The Illinois and Chicago Bar Associations created a joint committee to begin the massive task of rewriting the state’s criminal laws. Between 1955 and 1960, the committee held open hearings around the state, including two in Chicago. It made use of the American Law Institute’s model penal code. By the end of 1960 it had produced a 318-page book of its proposals to rewrite criminal law of Illinois. Gone was any provision to keep homosexual sex between adults in private a crime.

The state legislature in Springfield held public hearings on the proposed new penal code during the winter and spring of 1961. Interestingly, most of the attention and controversy focused on two key provisions. One had to do with a proposal to transfer sentencing power in criminal cases from juries to judges. Juries, apparently, were easily swayed by skilled defense lawyers, leaving prosecutors angry about light sentences. So, one major part of the new code actually took a “get tough on criminals” approach. Defense lawyers got all riled up about it, but conservative newspapers like the Tribune were all for it.

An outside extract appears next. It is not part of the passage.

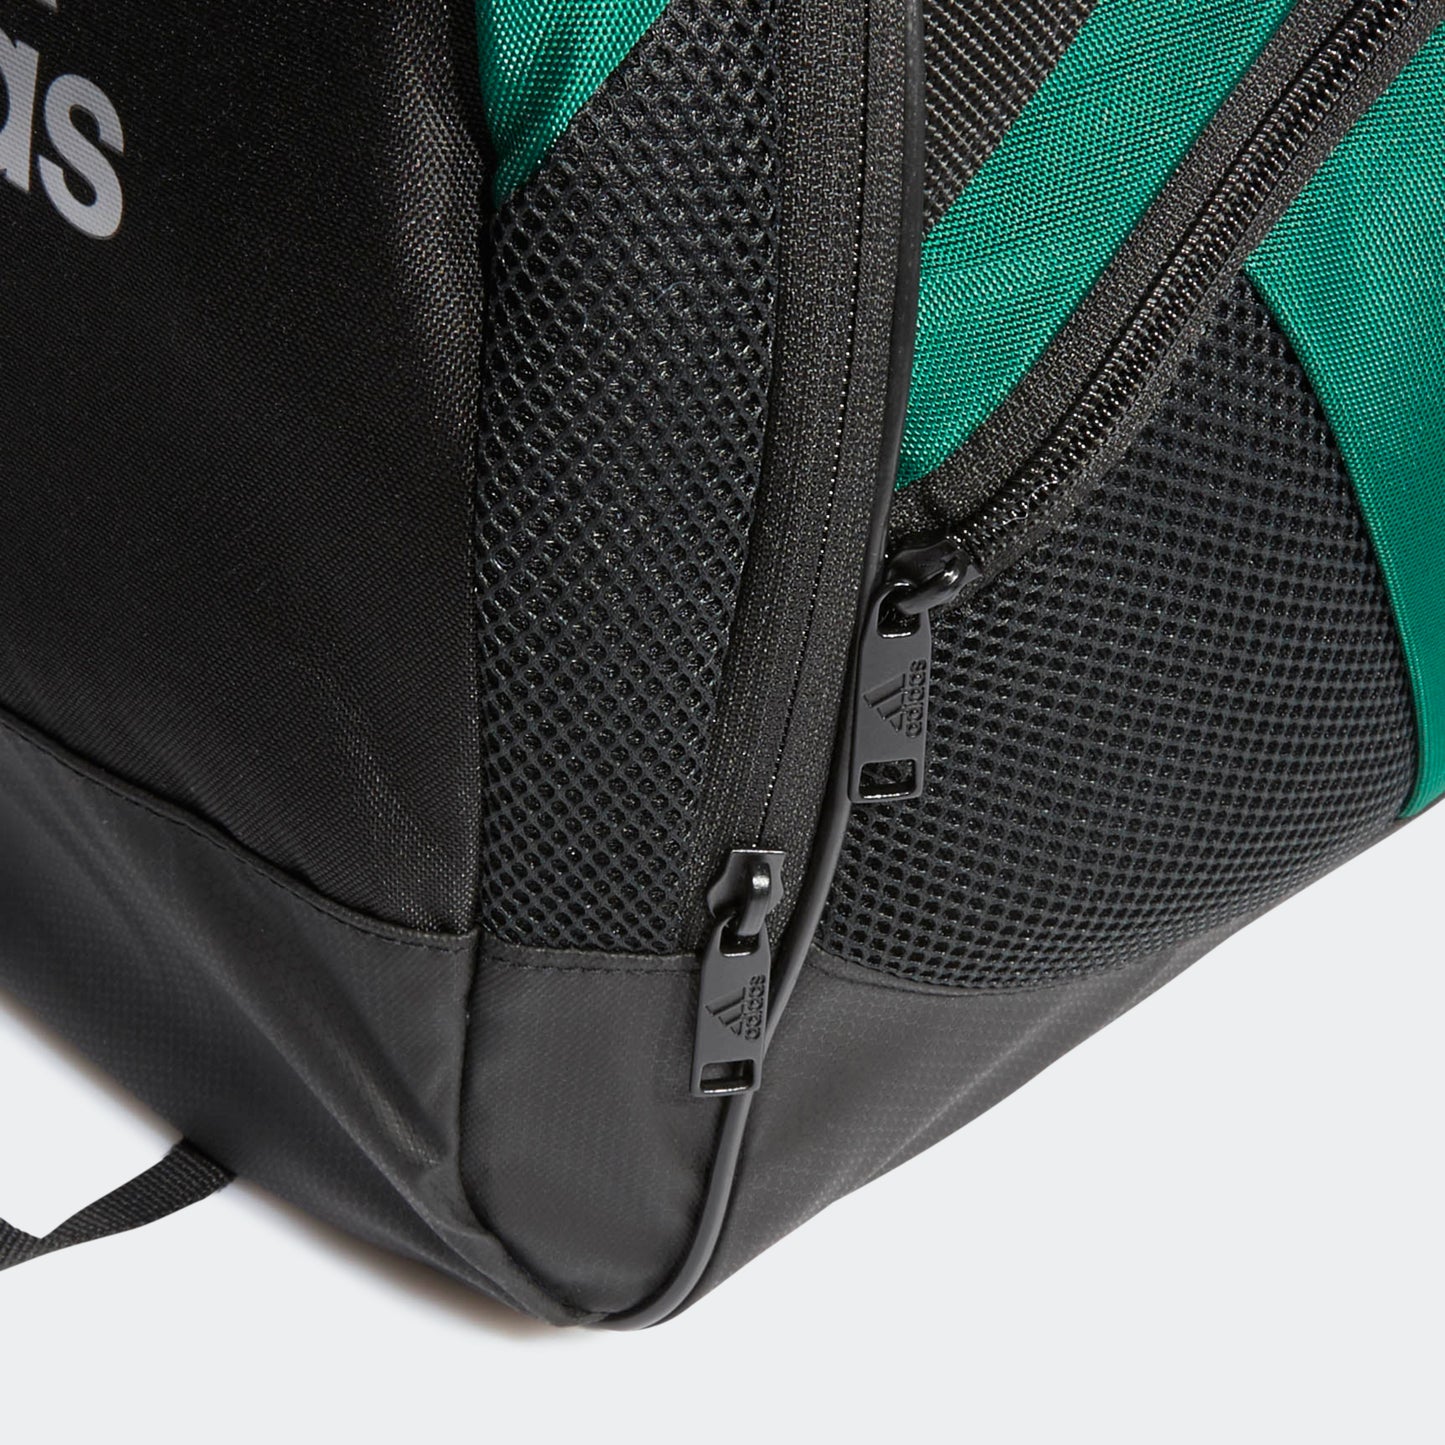 adidas TEAM ISSUE II Medium Duffel Bag | Green

The other very controversial provision was a liberalization of the state’s abortion statute. At this time, abortion was illegal in every state. Illinois allowed hospital abortions to be performed only in cases where pregnancy endangered the life of the mother. The new code proposed also to permit abortion in cases where the pregnancy had resulted from rape or incest, or in cases where the fetus was found to have “defects.” The Catholic Church in Illinois went ballistic over these provisions, and promised to organize massive opposition against the whole code unless the current restrictive law was retained. The legislature gave in.

With all this debate about sentencing provisions and abortion, the elimination of the Illinois sodomy statute went unremarked upon, at least as far as I’ve been able to find after a first look through Chicago’s newspapers. None of the articles I’ve uncovered in the press from 1960 and 1961 mention the decriminalization of sex between consenting adults in private. Thus, on January 1, 1962, Illinois became the first state without a so-called “sodomy” or “crime against nature” law. You could say it was an historic moment, the first step in a journey that ended with the Lawrence decision in 2003. But I’m not sure that many people, including most gay folks, even knew it.